Os acontecimentos banais incomodam, prologam-se como cenas de telenovelas feitas somente para preencher a grade. Há costuras na narração que podemos chamar de toscas, já que ligam a continuidade do enredo com termos como “dimensões cósmicas”. Expressões como essas ligam o reencontro da protagonista com o colega de infância, através do filho do tal amigo. Fica claro o intuito de nomear os capítulos – vou me estender na questão dos títulos mais pra frente – de forma “desproposital”, não revelando nunca o fulcro: o reencontro chama-se “O nado”, quando o óbvio seria chamar-se “Sávio”, nome do amigo. Pode-se também entender os títulos desencontrados como uma antevisão do que virá depois, ou do que veio antes.

Os capítulos em geral são curtos e alguns não convencem, como no caso de “O inventário”, a primeira vez que aparece; há outro com o mesmo nome que não é tão fraco.

É também preciso dizer que a narração adulta, embora de qualidade, se perde muitas vezes em arrodeios, divagações e poética que não se sustenta. Eis o problema do primeiro “O inventário”, a prosa poética é morna. A autora dosou metade de poesia, com metade de prosa. E em se tratando de prosa poética, a prosa deve prevalecer.

Comparar capítulos de romances com contos que funcionam isolados não é de hoje. Vários romances, não é o caso de enumerar, trazem partes que são histórias dentro da história maior. Tércia usou do expediente, vinha sinalizando isso no livro anterior, O tempo em estado sólido, de contos. Um exemplo emblemático é “Como nascem as cachoeiras” (primeira aparição). Fato é que os títulos só funcionam isolados.

Como dito o livro tem linguagem marcadamente adulta, porém, há muito de infantil na personagem central, a deficiente visual Laila. Resta-se saber se é proposital. Não creio. A personagem diz obviedades como se fossem sabedorias, prova do estado juvenil.

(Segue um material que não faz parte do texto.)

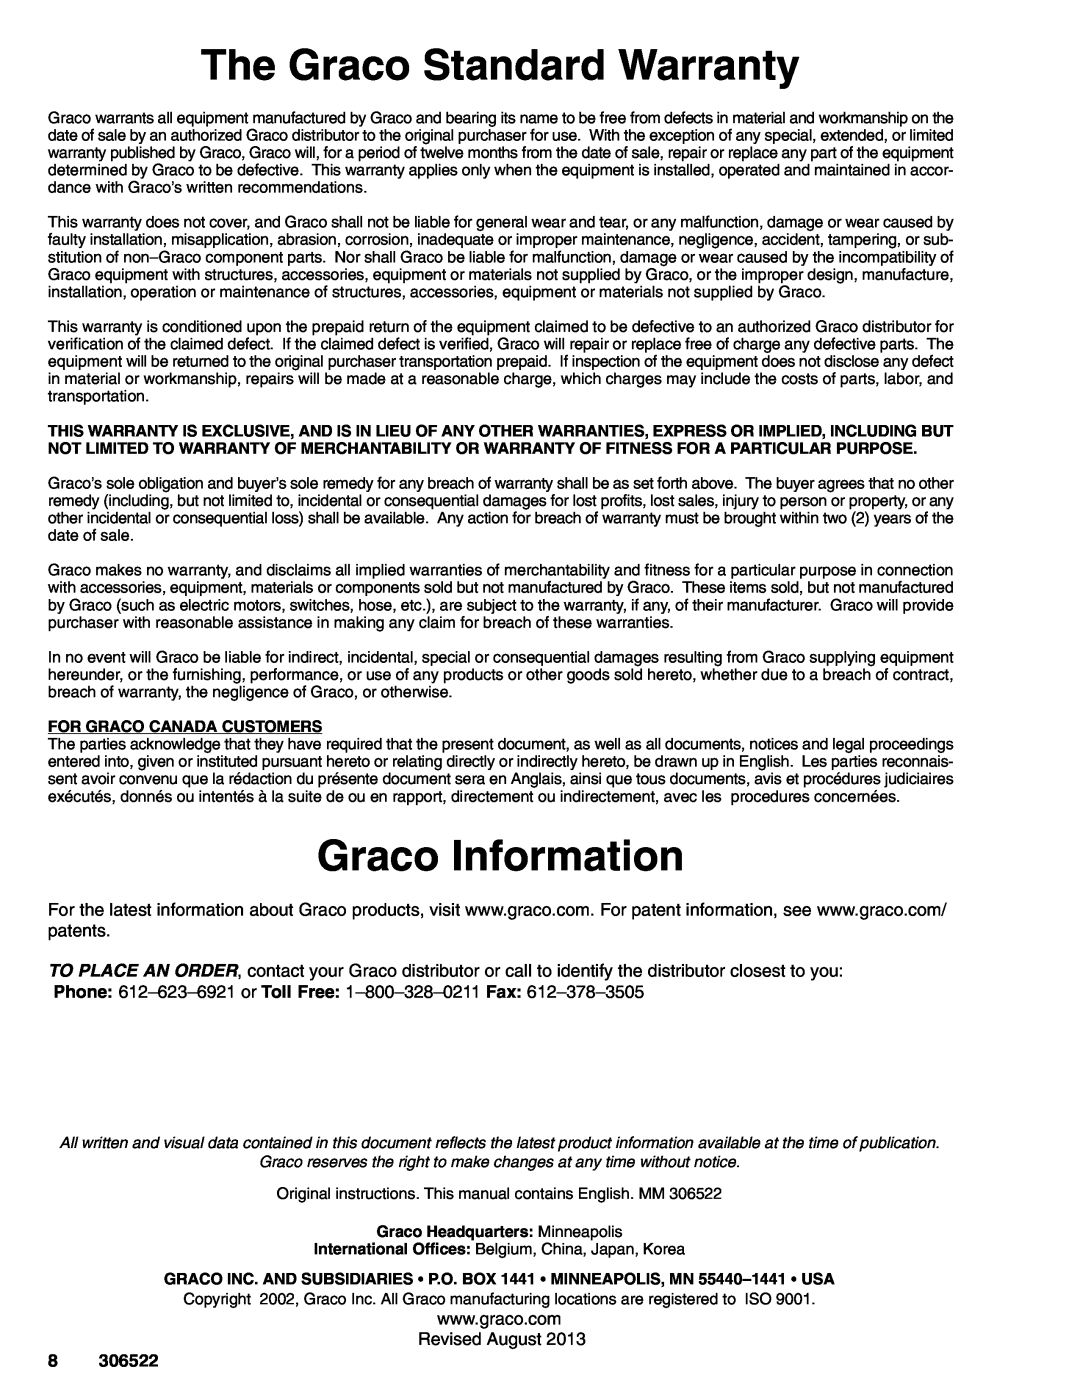 Graco 204124 The Graco Standard Warranty, Graco Information, For Graco Canada Customers, Graco Headquarters Minneapolis

Voltando a carga dos títulos, alguns se repetem – mostra da dificuldade em trabalhar com eles – não resolvendo a questão. Melhor seria não trazer títulos.

Os títulos são realmente desencontrados. Por exemplo: na segunda vez que a nomenclatura “O amor” aparece, o texto nada reflete sobre o tema. Ao contrário, discorre apenas sobre o modo distante que Laila, a protagonista cega, trata seu cão guia. Tércia faz isso de maneira intencional? A ideia é revelar o contraponto: a ausência do amor onde deveria existir?

A parte “O constrangimento” (primeira aparição), maior que a maioria, é a melhor, com imagens bem tecidas.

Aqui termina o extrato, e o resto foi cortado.